- What to produce
Write out the listing from the line with "Does Age Matter in Relationships essay" to the line with "Startup Shopify theme", both lines included, exactly and nothing beyond. Leave pictures out.

- Records to use
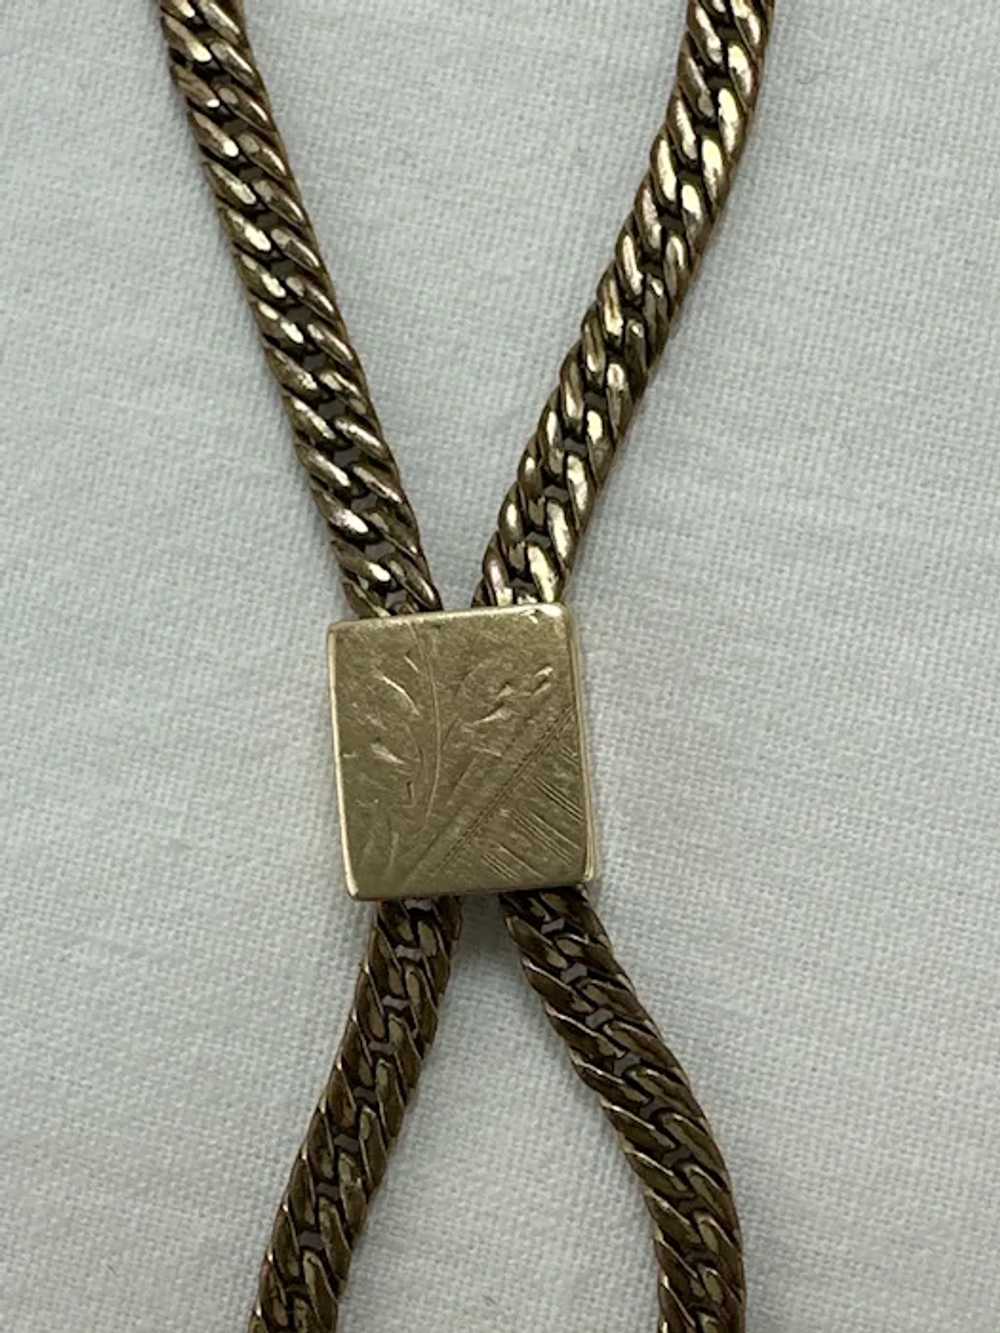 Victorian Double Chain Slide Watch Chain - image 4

---

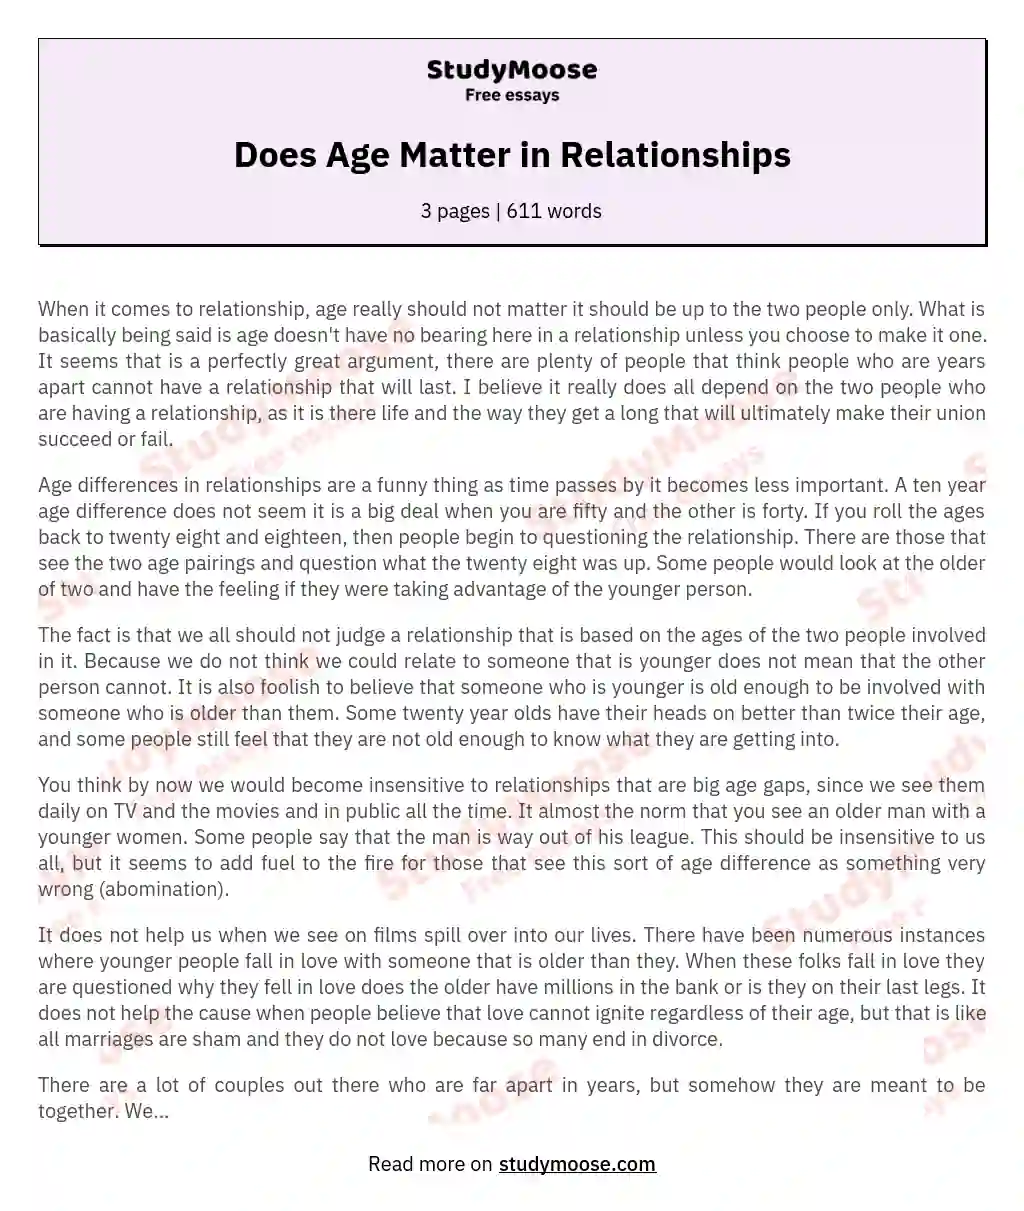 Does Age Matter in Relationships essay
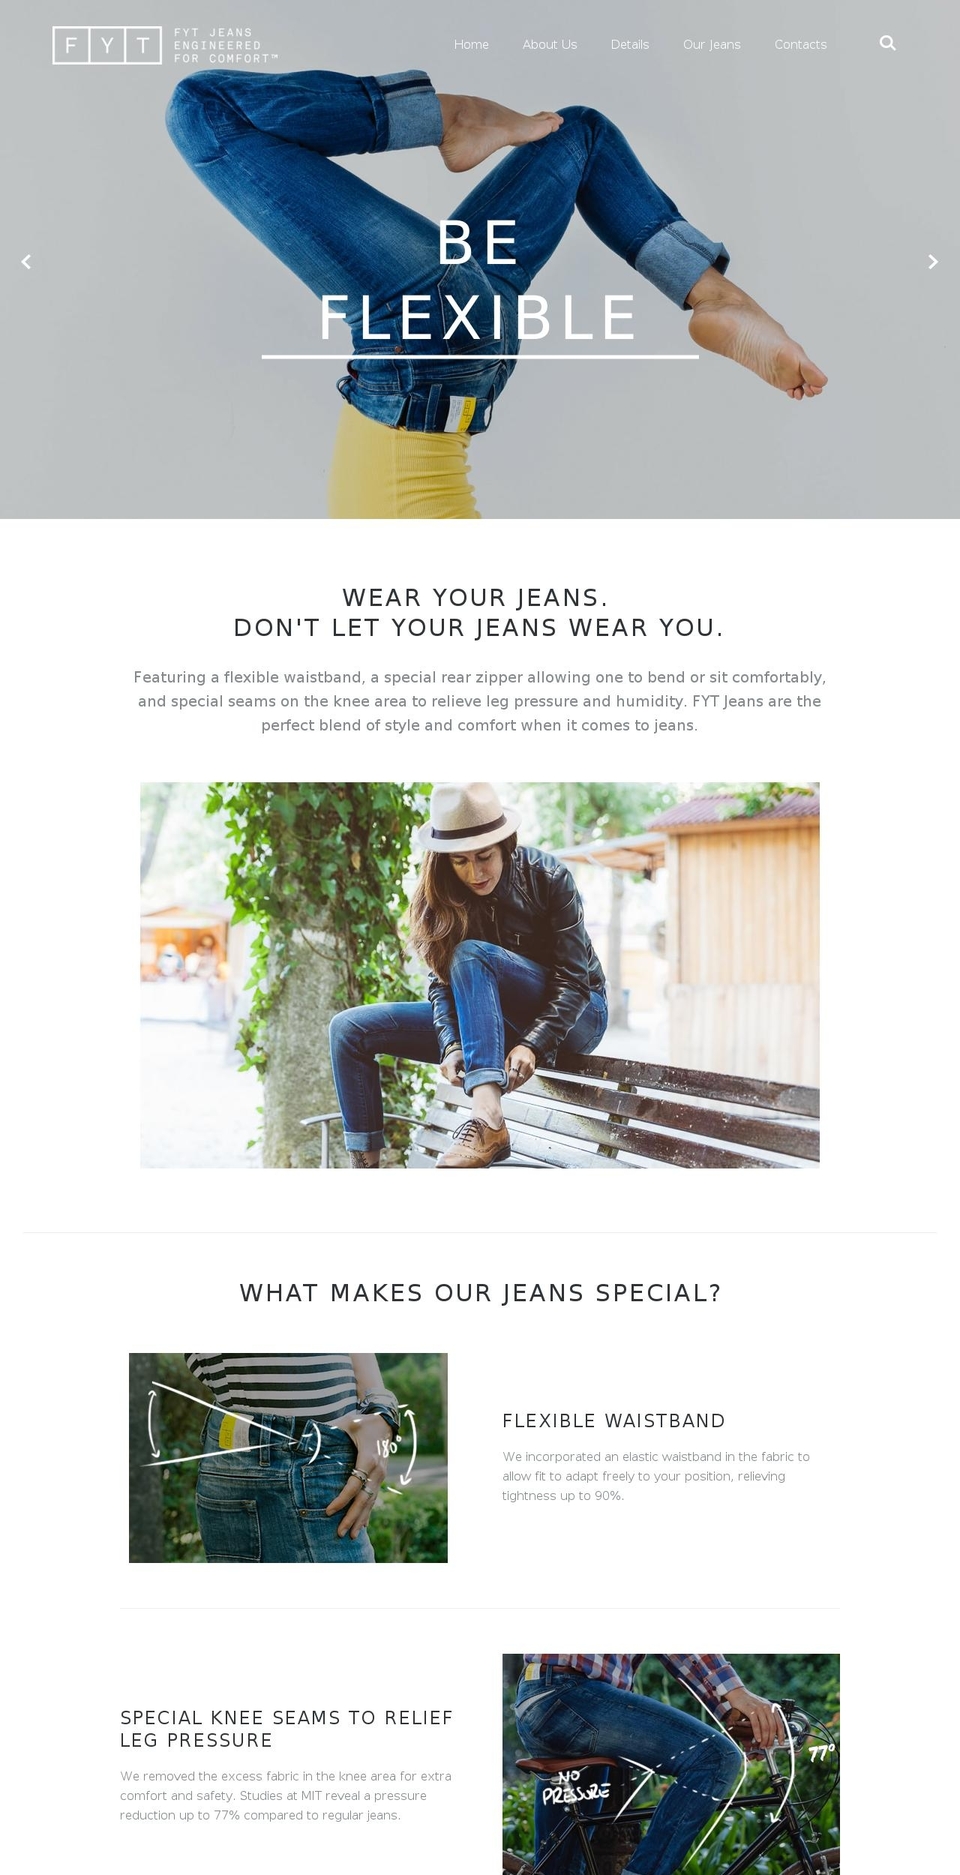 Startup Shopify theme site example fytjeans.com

==

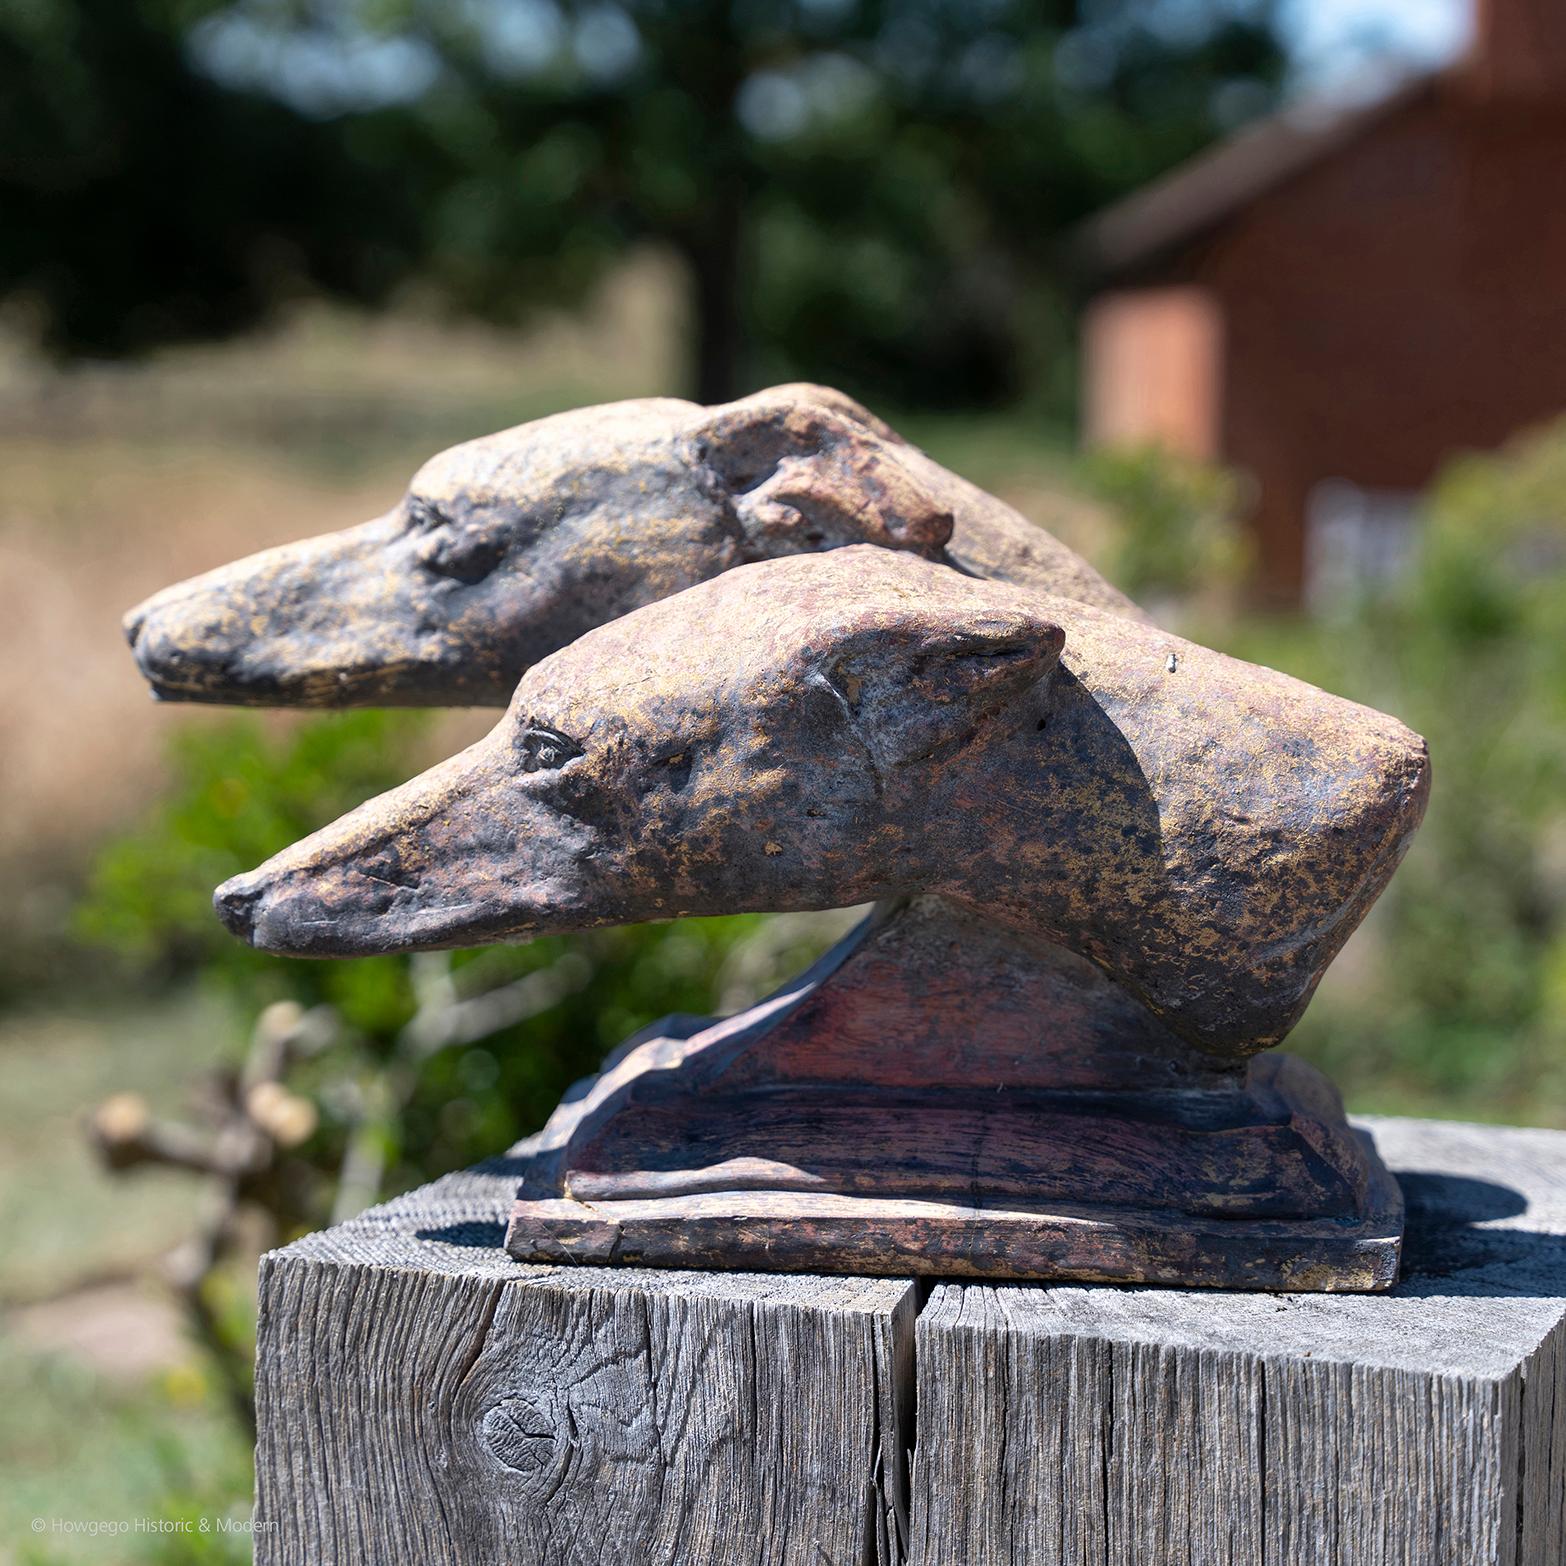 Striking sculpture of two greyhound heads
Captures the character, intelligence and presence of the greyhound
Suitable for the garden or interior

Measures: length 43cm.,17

- Completed exercise
 Does Age Matter in Relationships essay
 Startup Shopify theme site example fytjeans.com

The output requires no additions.